I’m seeing someone new now, and he’s really, really nice. Sometimes, I think he really is the nicest guy I’ve ever dated. But, it’s too soon to think that I know him well enough to judge. Also, I am (hopefully) leaving on a long awaited overseas exchange that will take me away from home for at least half a year. I’ve wanted this dream for so long that I refuse to let anything or anyone hold me back from it any longer, now that the opportunity is finally within reach. Even if things worked out between us, I’ll have only been seeing him for three months before departure, and so I am sitting on the fence about progressing further into anything resembling a relationship.
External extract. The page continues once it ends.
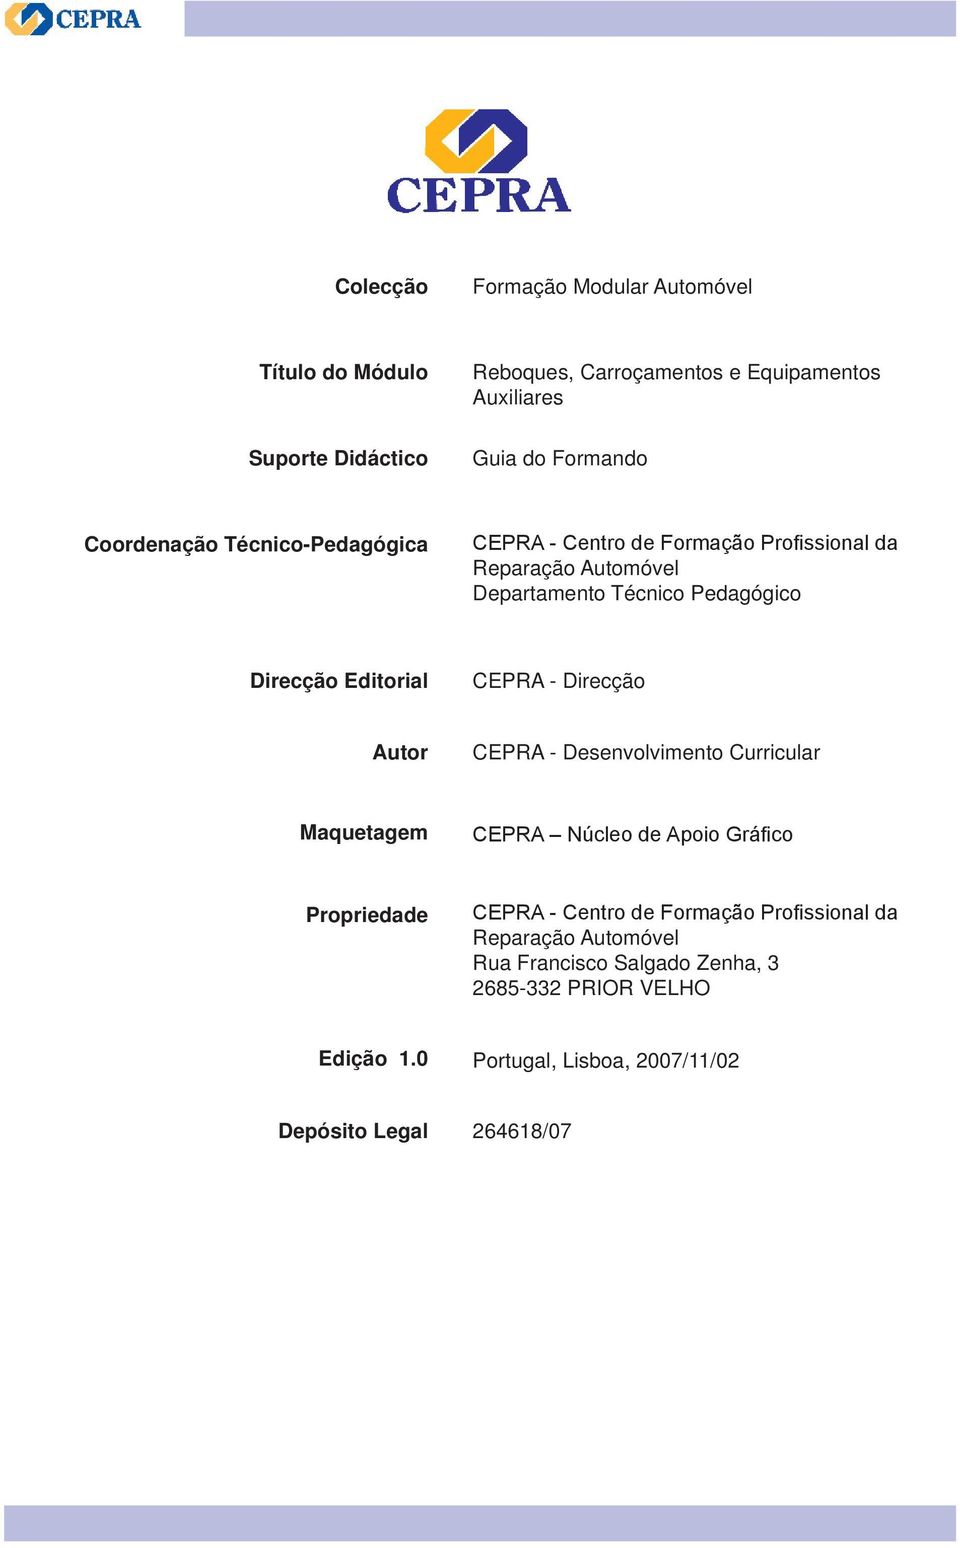 Editorial CEPRA - Direcção Autor CEPRA - Desenvolvimento Curricular Maquetagem CEPRA Núcleo de Apoio Gráfico Propriedade CEPRA - Centro de
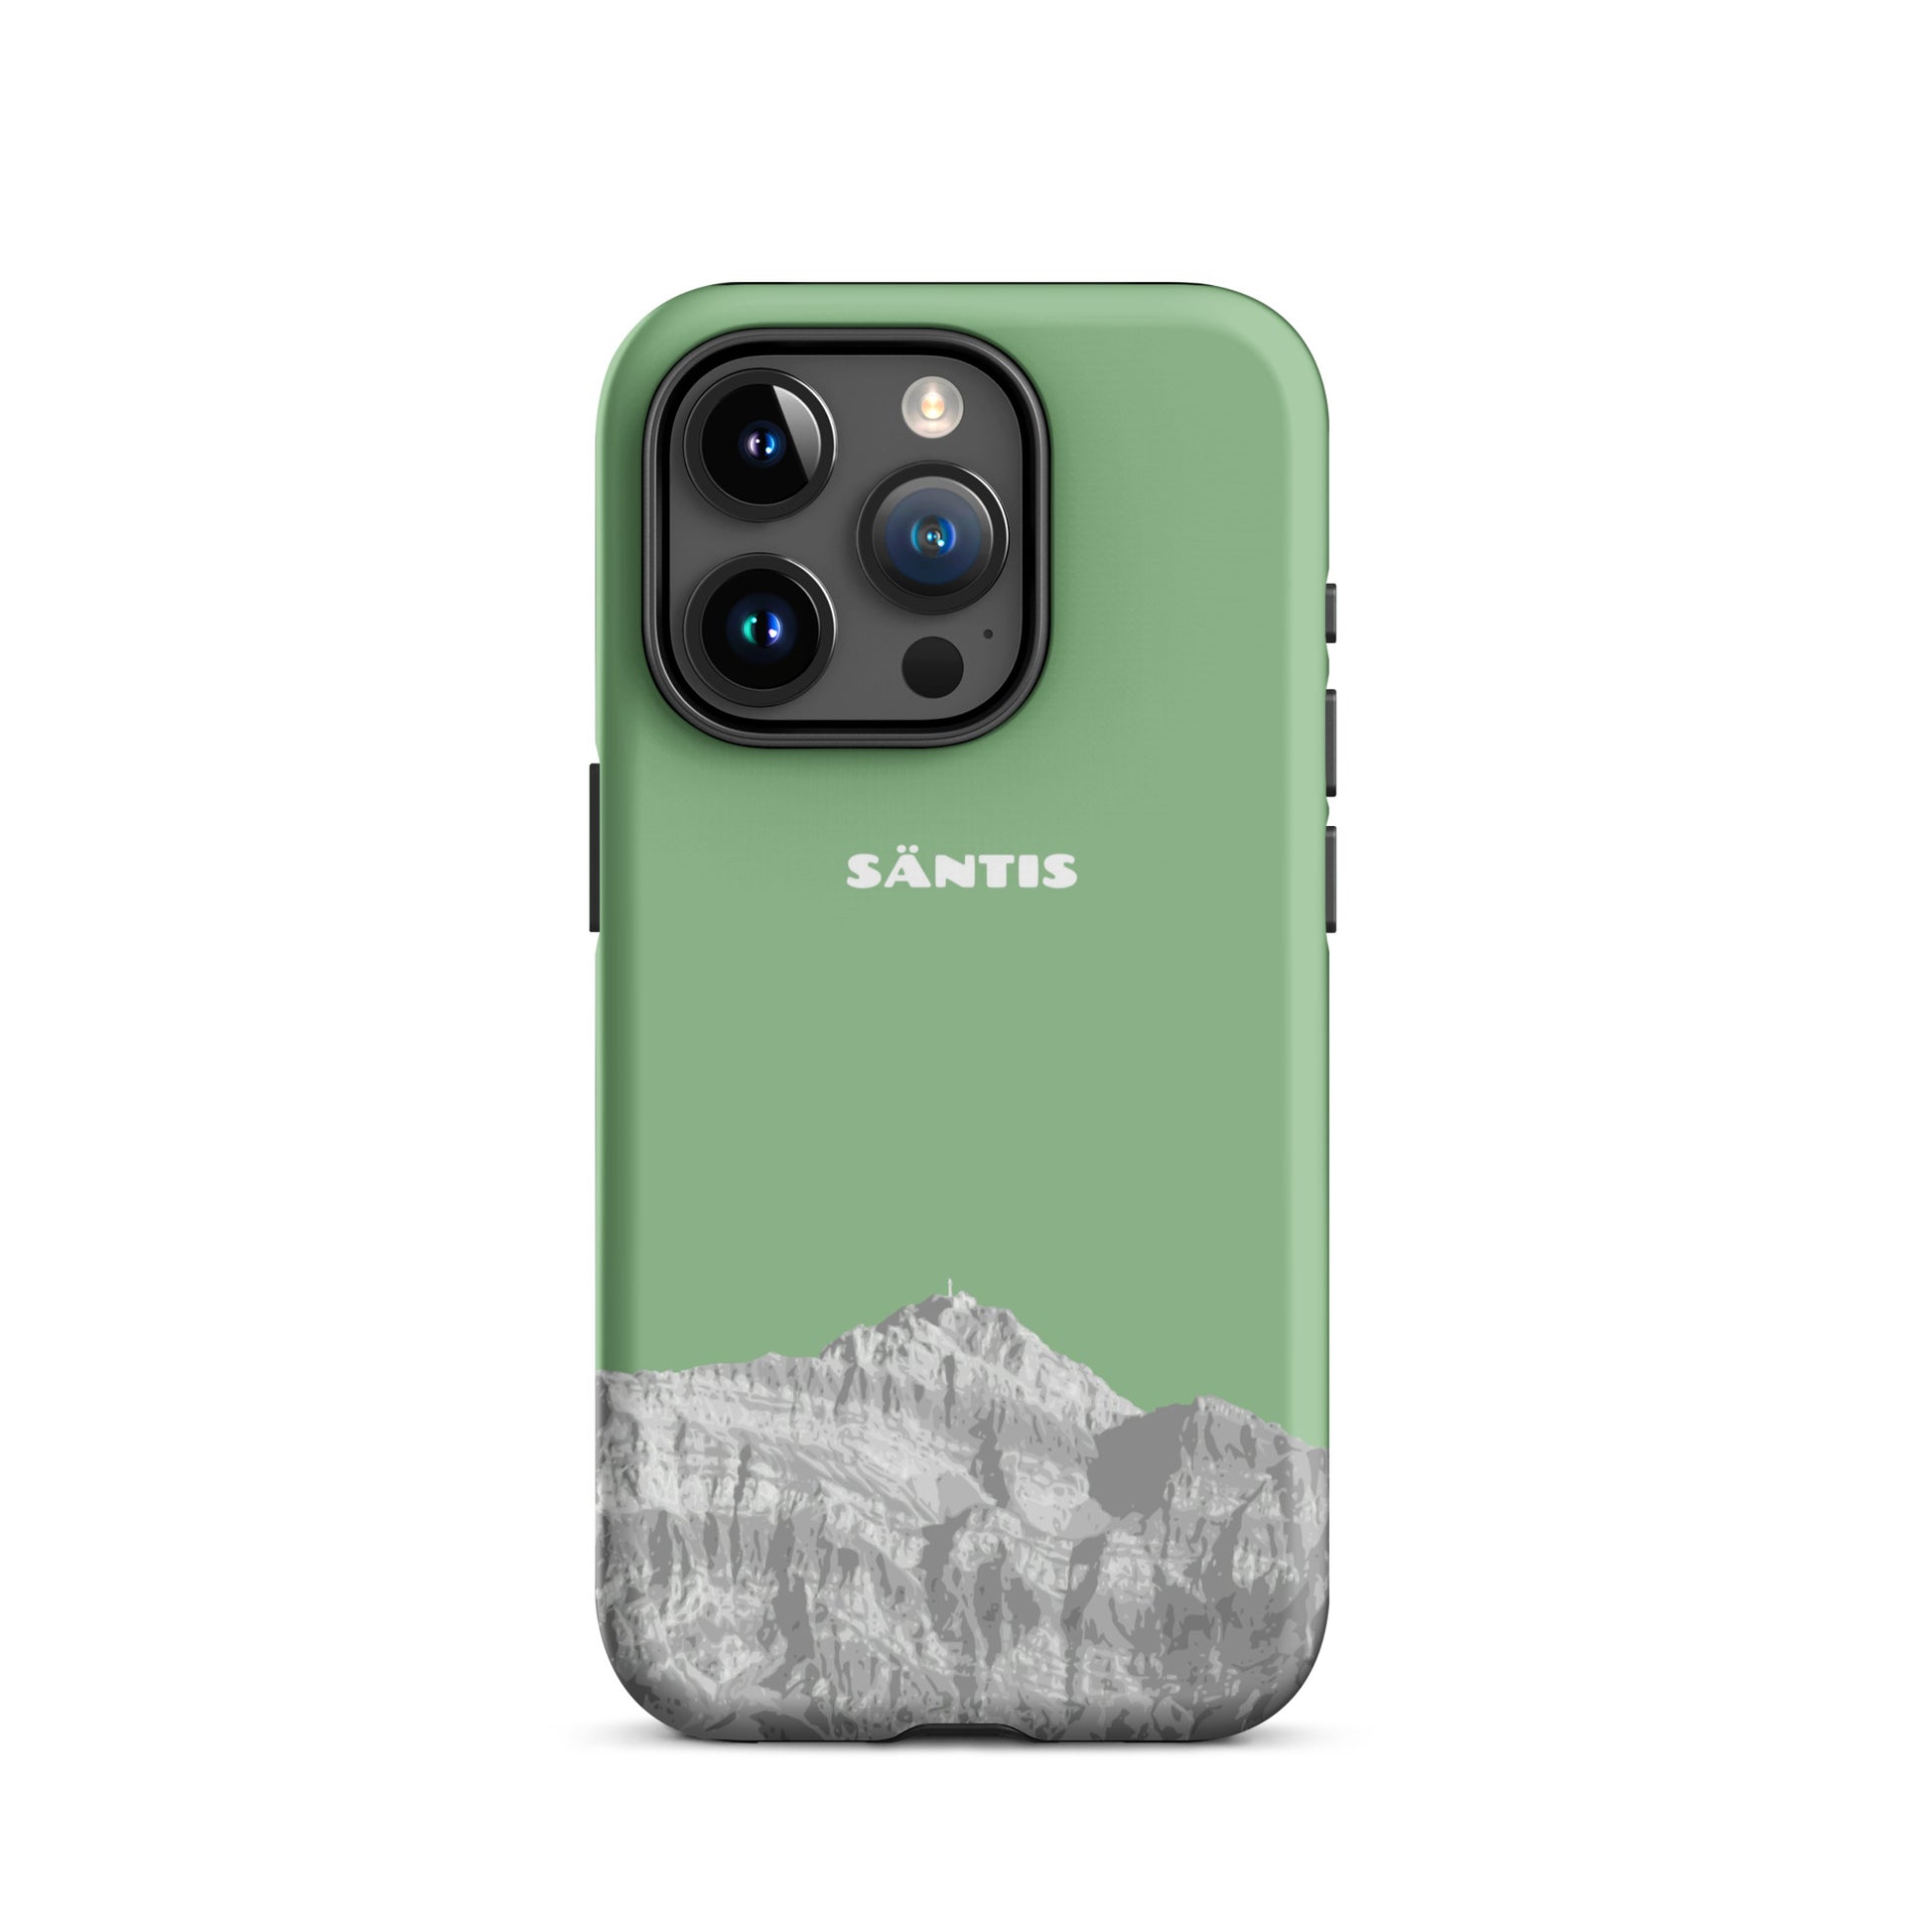 Hülle für das iPhone 15 Pro von Apple in der Farbe Hellgrün, dass den Säntis im Alpstein zeigt.

I think that I will regret giving him up, if I do, because of course, who wouldn’t want to keep a guy so nice? But that would be an incredibly selfish thing to do. Part of me hopes that maybe he isn’t as nice as he seems after all, so there wouldn’t be a reason for regret.

I always try to ask myself whether I will regret not doing something, and if the answer is positive, then I make sure to save myself from that regret. But it’s past 3am and I am tired, sad and moody. I can’t trust myself to make any rational and sober decisions.

I’m in a rainy day mood on the first day of summer. Today was a beautiful, warm and breezy day, but my heart feels full of the rolling thunderstorms brought on by midsummer’s humidity. I would welcome lightning with elation right now.

damn your beautiful voice, ed sheeran.  it makes me feel too much.